One thing that is certain about the crash of 1929 is the fact that people were not prepared for it and that it cost them. The truth is that most of the people who suffered the most, during the crash and the subsequent great depression, were the same people who had spent the previous decade spending all the money they had daily on things that they neither needed nor wanted just because everyone else was doing it. These people had been told that success was measured in wealth and that the more you bought, the better off you were. One would think that after almost a century later we would have learned by now but in reality we are the just same people our ancestors were all that time ago.
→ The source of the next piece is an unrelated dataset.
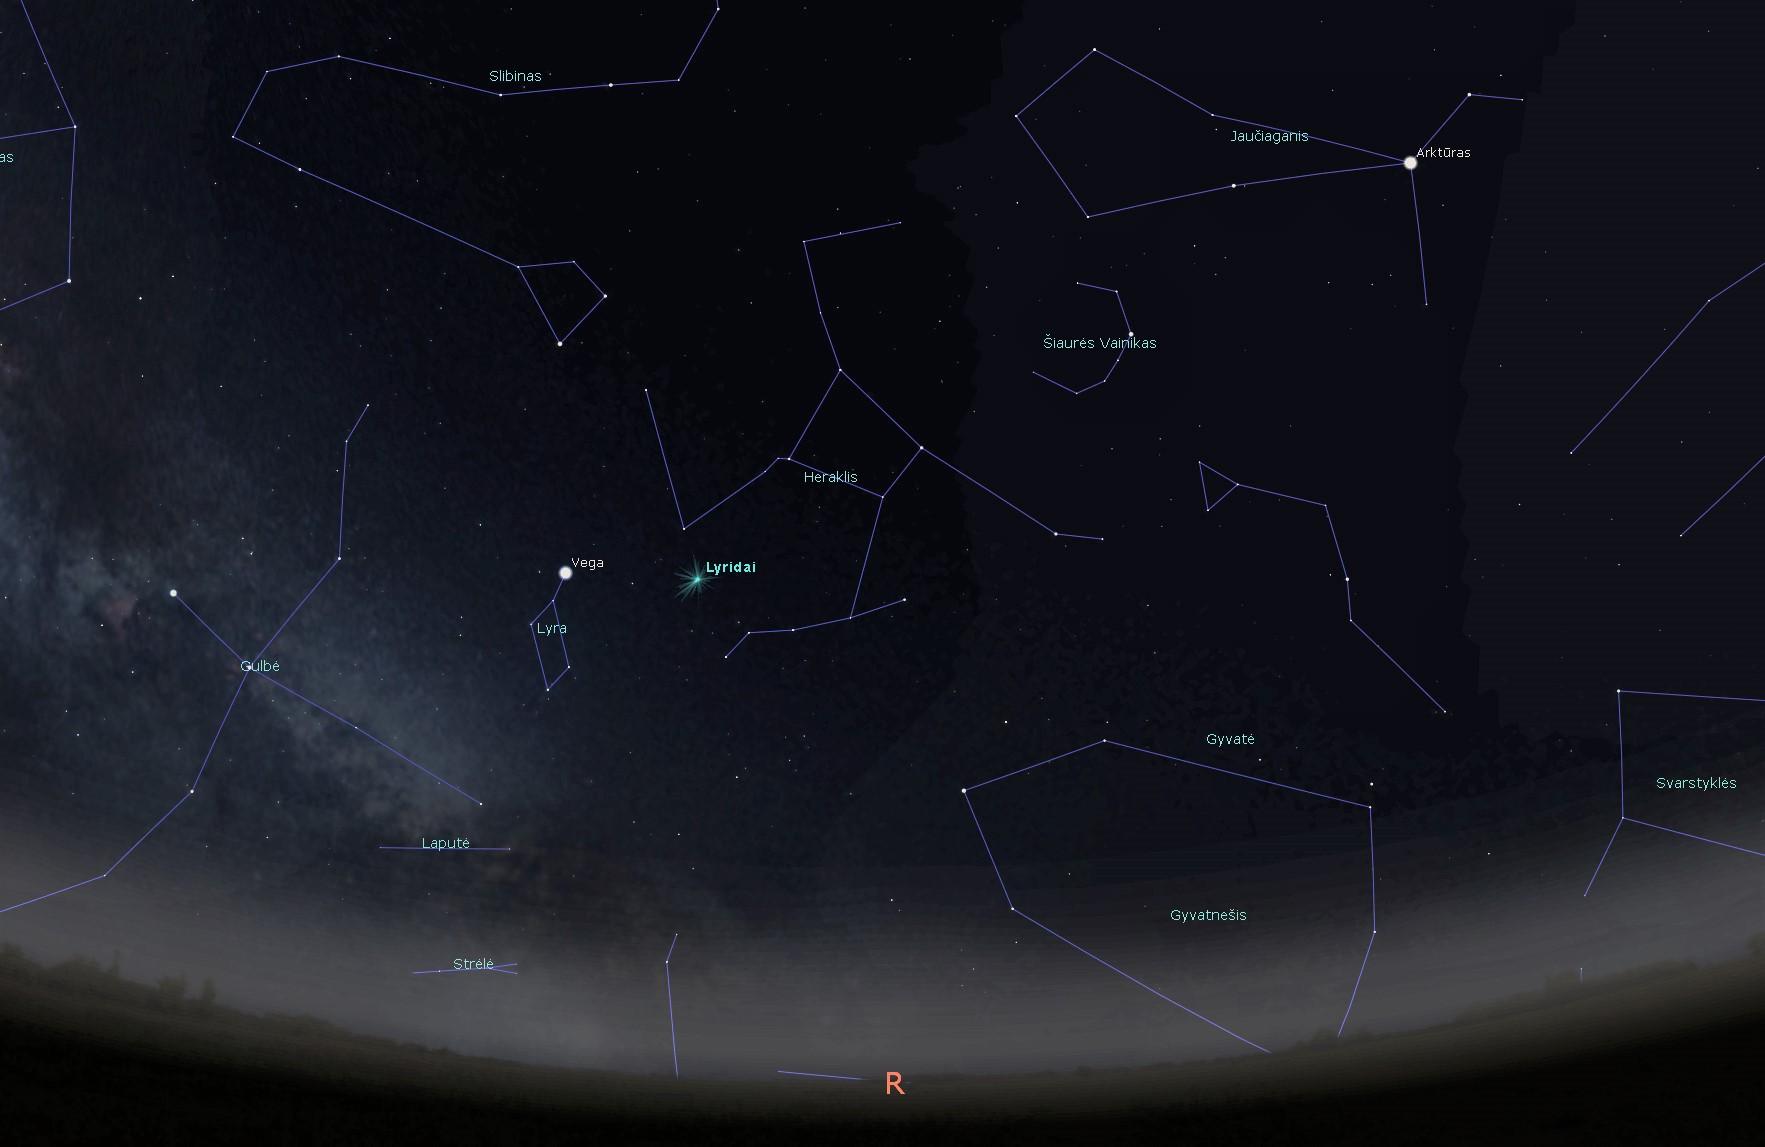 Lyridų meteorų srauto taško į kurį žiūrint iš Žemės atrodo, kad jame yra meteorų spiečiaus šaltinis radianto padėtis 2020 balandžio 22 d. 00 val. Piešinys atliktas programa Stellarium | J. Vaiškūno nuotr.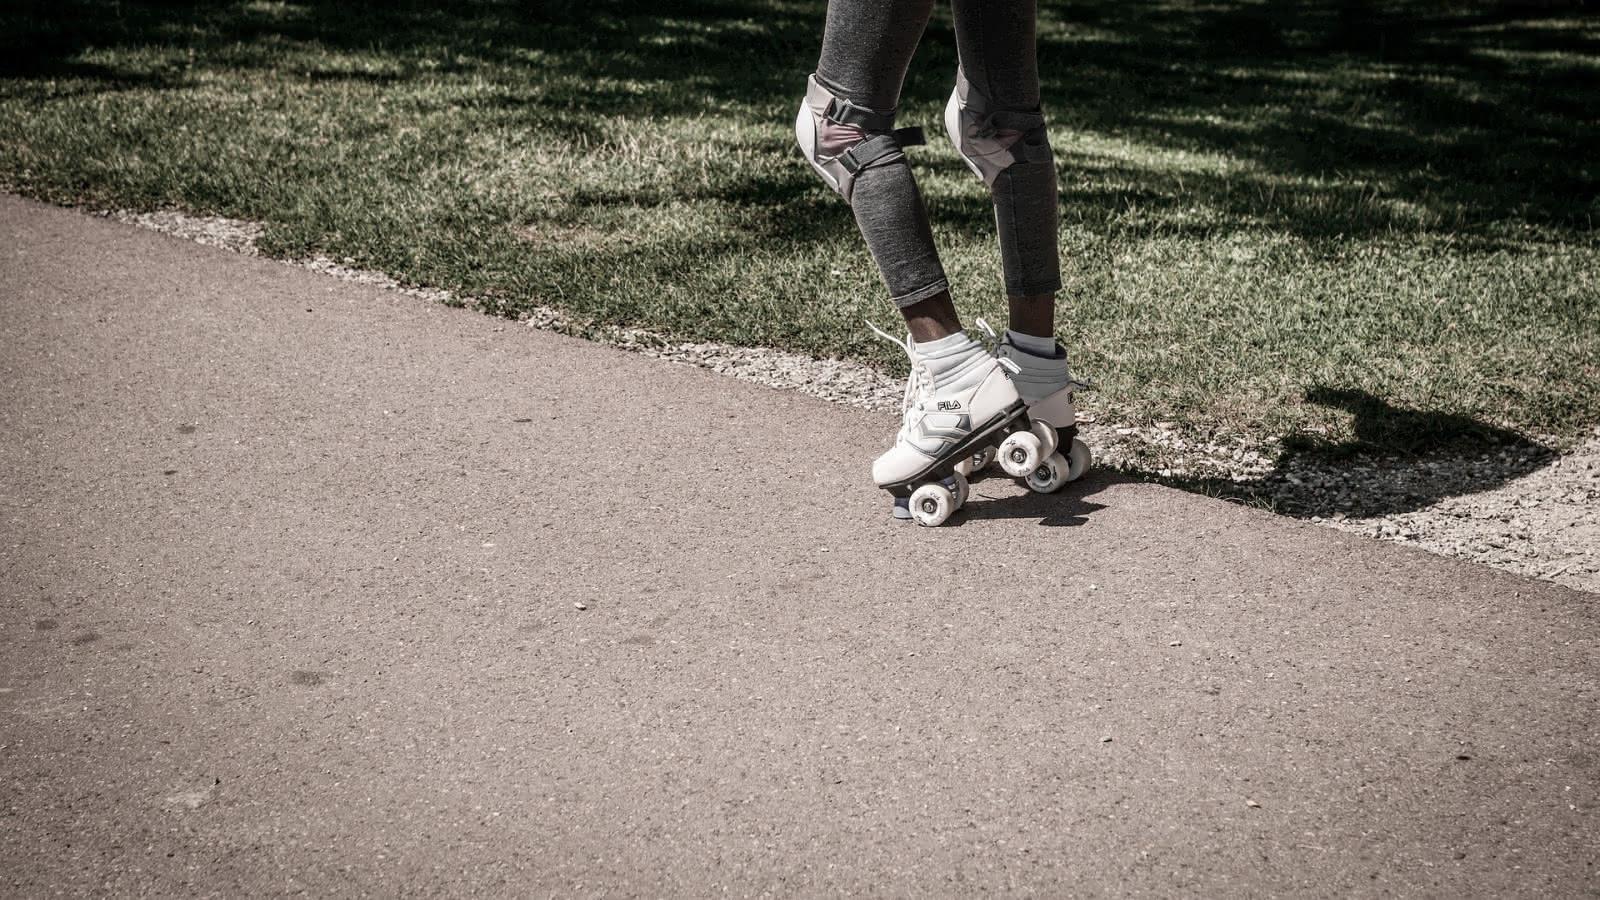 Roller lacanau

THE FINANCIAL CRISIS OF 2008
Much like the crash of 1929 people were spending money they didn’t have. Due to a law that was passed by the U.S government back in the 70’s banks were offering people extremely low mortgage rates giving them a false sense that they could afford much bigger homes. What ultimately happened was that the mortgage prices began to increase to more normal levels and people realized they could not afford to pay these kinds of prices. This caused many people to literally take everything they own and abandon their homes leaving whatever they couldn’t take to the banks, who obviously tried to then sell these homes all at the same time in an attempt to break even, causing the value of homes to decline to extremely low levels. This decrease in the value of homes caused many banks to nearly go bankrupt, only to be bailed out by the government. The families who had lost everything also could no longer purchase consumer goods which then caused trillions of dollars, destroying the economy. Although not as bad as in 1929, the financial crisis did prove that people around the world are still trying to pursue a dream that is unrealistic and damaging, not only to themselves but those around them. This is only further highlighted in the U.S’s 20 trillion dollar dept, 987 million of which is credit card debt (source:http://www.usdebtclock.org/index.html). People need to realize that there is more to life then material goods and that they need to save for not only their futures, but for their families’ future. Here is a diagram depicting some of the similarities and differences between the 1929 stock market crash and the 2008 financial crisis.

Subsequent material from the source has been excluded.